Los Angeles, California - The world’s four most diverse and populous coastal habitats, described by researchers as the “marine equivalents of the Amazon rain forest,” are under threat from climate change. But no one knows exactly how severe the threat is.
In a new study, UCLA researchers will make the first detailed models predicting how climbing temperatures will affect the coastal climate in the four regions. The project is supported by a $2 million grant received this month from the National Science Foundation.
The effect of climate change on the oceans has been vastly understudied, say the researchers — and these regions should be of particular interest given the world’s dependence on them for their populous, species-diverse habitats. As one of the world’s leaders in ocean modeling and evaluating climate change, UCLA is well positioned to create the foundation for a true physics-to-fish understanding of how climate change could alter these areas.
“Roughly a fifth of worldwide ocean productivity is in these zones, and no one has really looked with this level of detail at the climate change implications for these precious marine areas,” said Alex Hall, a climate expert and professor in UCLA’s department of atmospheric and oceanic sciences and a member of UCLA’s Institute of the Environment and Sustainability.
Lionel Renault, an assistant researcher in atmospheric and oceanic sciences, is the project team’s primary investigator. In addition to Hall, other co-investigators are Jim McWilliams, a professor in atmospheric and oceanic sciences and a member of IoES; and Curtis Deutsch, a former UCLA associate professor of atmospheric and oceanic sciences who is now at the University of Washington.

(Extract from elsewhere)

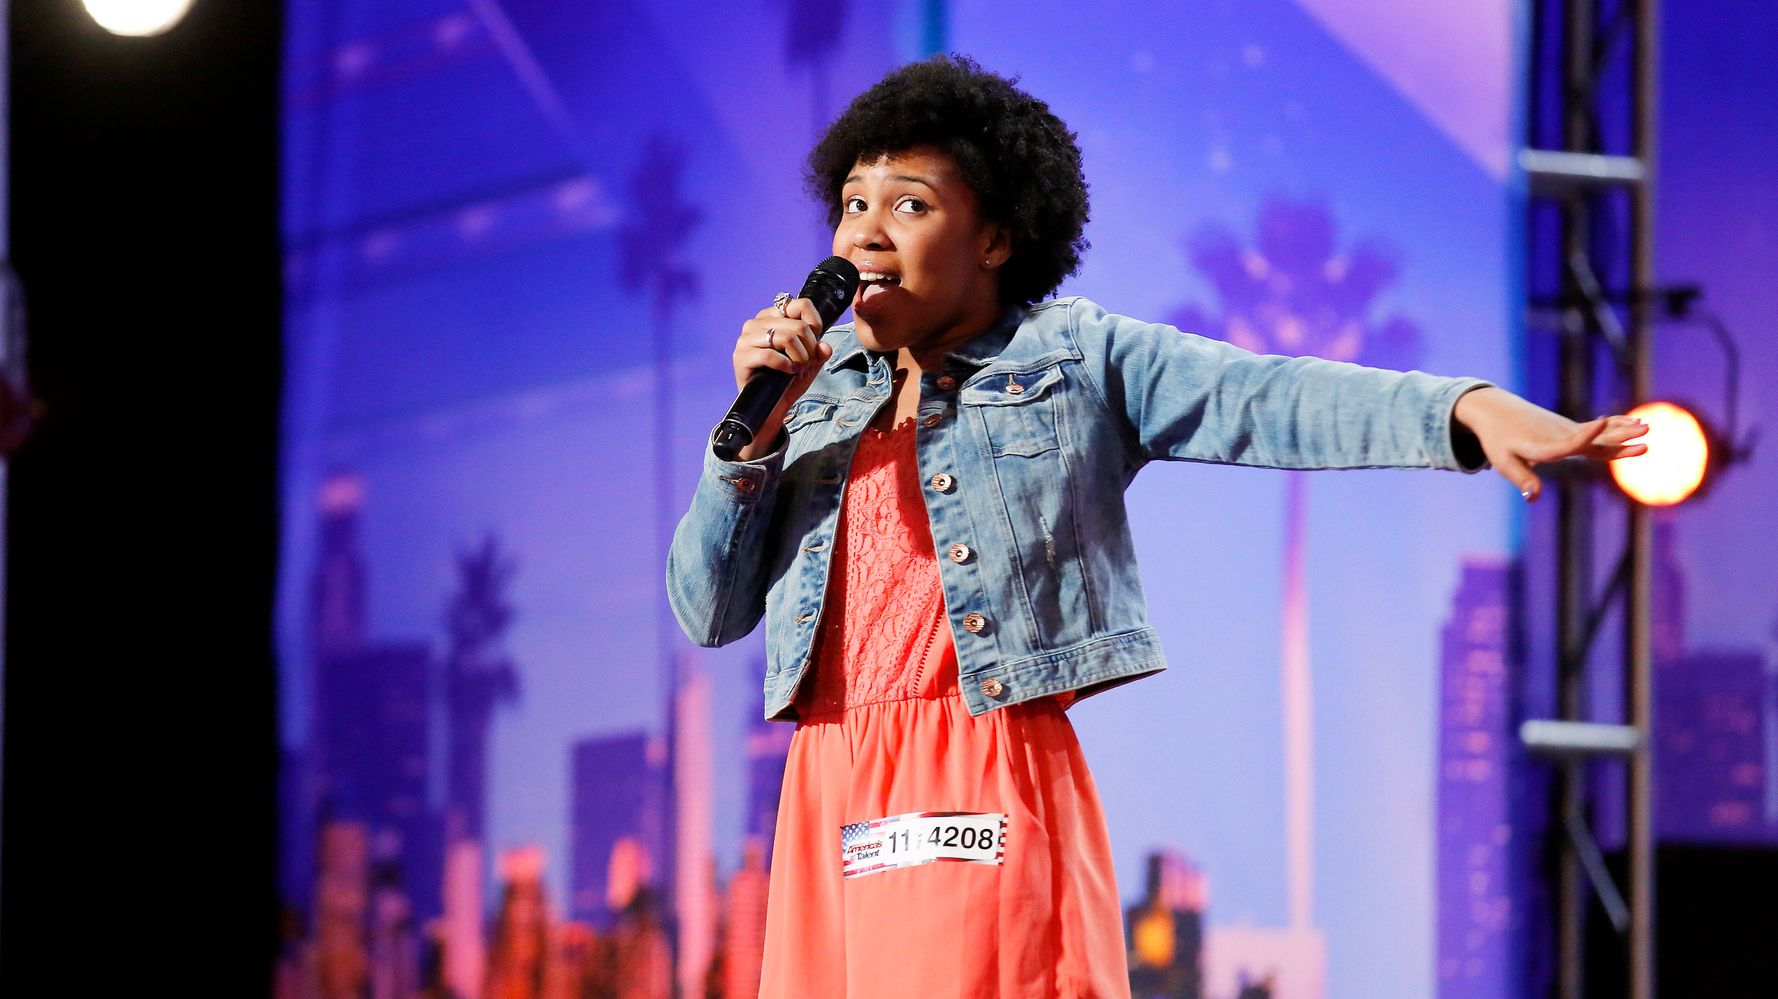 Homeless Teen Earns 'America's Got Talent' Golden Buzzer With Chills

The researchers will use historical data of natural changes and climate change–related shifts from the past few decades to create a model that will allow them to predict changes that could occur through the end of the 21st century.
The five-year project focuses on the world’s four eastern boundary upwelling systems, or EBUSes, which are off the coasts California and Oregon, Peru and Chile, southern Africa, and Spain and northern Africa. All are narrow stretches of coastal water, hundreds of miles long and located at the eastern edge of an ocean; and they share unique properties that create nutrient-laden water. In these regions, cold ocean air mixes with warm land air to create high-pressure systems and sweeping winds that blow the top-most water out to sea, causing deeper water to rise to the surface. As it rises, the deeper water carries with it plant and animal matter from the ocean floor, delivering nutrients that fuel the entire food chain and attract large populations of a great variety of species.
“This research is important because it will give us an overview of the different upwelling systems, the mechanisms that drive their productivity, and how climate change can impact those mechanisms and productivity,” Renault said.
Current global climate models provide sketchy predictions of changes for EBUS areas, partly because the regions are such narrow slices of the globe. To overcome that flaw, the research team will develop the first fine-tuned model of the EBUSes to simulate the complex interaction between the ocean and the atmosphere, identify the difference between the natural variations in the ecosystems and variations due to climate change, and predict whether changes in cloud cover will allow in more or less sunlight and warmth.
Renault said that one shortcoming of global climate models is that they are low-resolution — they don’t zoom in on small features. “They poorly resolve the cloud cover and the upwelling, and they cannot show realistic physics of the ocean’s biogeochemical response,” he explained. “What we will develop is a realistic model of the whole system.”
The researchers plan to determine how much variation comes from natural fluctuations such as seasonal changes or phenomena like El Nino — the disruption in the tropical Pacific Ocean that affects weather and climate around the world — and how much can be attributed to climate change. The models will show how changing temperatures alter winds, and how those altered winds increase or decrease the water displacement that brings nutrients to the surface of the ocean. The researchers also will look beyond wind and water to predict data like sun exposure and light absorption by phytoplankton, which are the base of the food chain.
“We know that winds will change due to the warming climate, and some global climate models show significant changes in those along-shore winds,” Hall said. “The question is how that will lead to changes in ocean circulation in these critical marine ecosystems. They may be in real peril.”
Related research conducted concurrently by McWilliams, Deutsch, Renault and IoES interim director Mark Gold will develop models analyzing how man-made carbon dioxide and nitrogen emissions have changed the acidity and oxygen content of the oceans — and to predict the continued changes and their impact for the remainder of the century.
“On the West Coast, we already know that we have acidification of the water, but more research is needed to understand why,” Renault said. “These two projects go hand-in-glove, looking at the effects of climate change on the most important marine ecosystems in the world.”
The NSF-funded study is supported by grant number OCE-1419450.